Well our mortgage is with First Direct. We have a joint mortgage account which is -£300,000, and then a series of savings accounts, one which is earmarked by us as "capital repayment" for the mortgage, but we also have savings accounts for school fees and other items (I prefer being able to separate some things as I agree that a single point can be confusing). At least one savings account is in my name only at present so you don't have to have everything as joint. We also have our joint cheque account.
All of these accounts are "linked", so that mortgage interest is calculated daily on the total net balance (this assumes that the overall balance is a negative one due to the mortgage). Ie I don't earn any interest on my savings or current account, but instead I see a reduction in my mortgage payment. I think that it is also possible to keep your mortgage payment constant each month and see the interest savings being deducted directly from your mortgage balance, so you see the mortgage reduce each month.
Now for my mortgage I would be paying interest at around 6% say, but that is paid out of my taxed income. So, as a 40% tax payer, the interest on my savings is currently earning me the equivalent of 10% gross. The other benefit for me is that I have a larger overall mortgage than I need. We probably only needed a mortgage of £200,000 when we bought this house, but could borrow up to £300,000. By having the extra £100,000 in the savings account it is not costing us anything, but if we ever needed it for either household improvements or say an investment opportunity then we have free and easy access to it (without having to apply for a further remortgage and pay for arrangement or valuation fees). In our case we have now fully offset our mortgage with our savings for school fees. As our youngest starts school this year we'll see a rise in school fees which may mean we go into a debt position again, but our position is very flexible.
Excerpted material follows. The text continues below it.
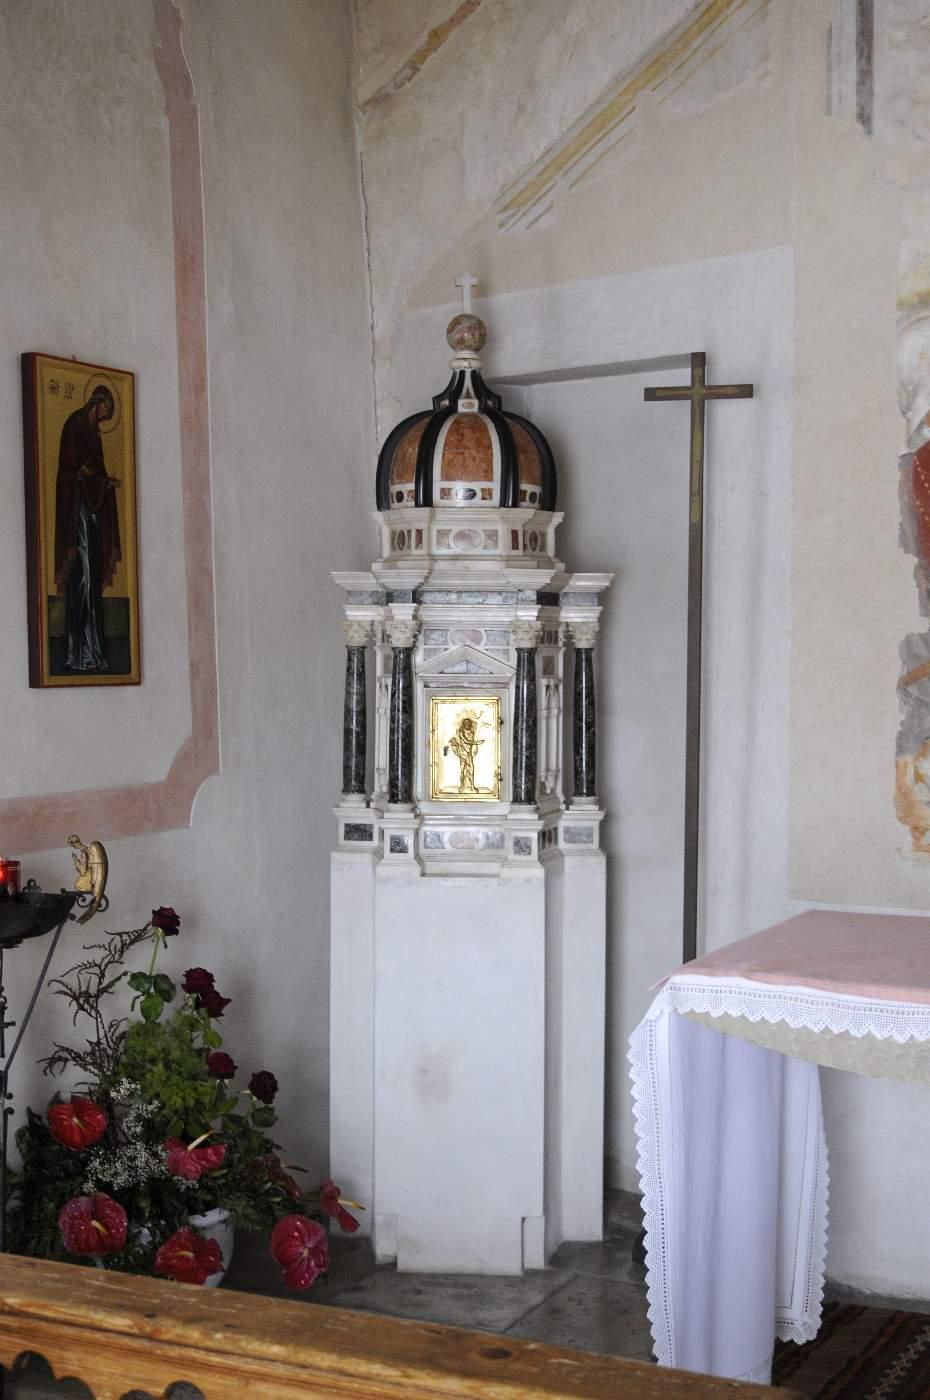 Conegliano-chiesa maria vergine dell'annunciazione

The offset has worked for us as both get bonuses at different times of the year which can be invested in this way for the short term at a "tax-free" rate of interest. We use ISAs as well but mainly for equity investments. If you earn and spend a similar amount each month then you may not get much benefit, but we have noticed significant benefits as our income and expenditure is quite "lumpy" eg school fees are paid 3 times per year, and our other luxury would be a holiday or two. If your incoem and expenditure is fairly flat then this may not work as well, and you also may be able to find better mortgage rates by shopping around.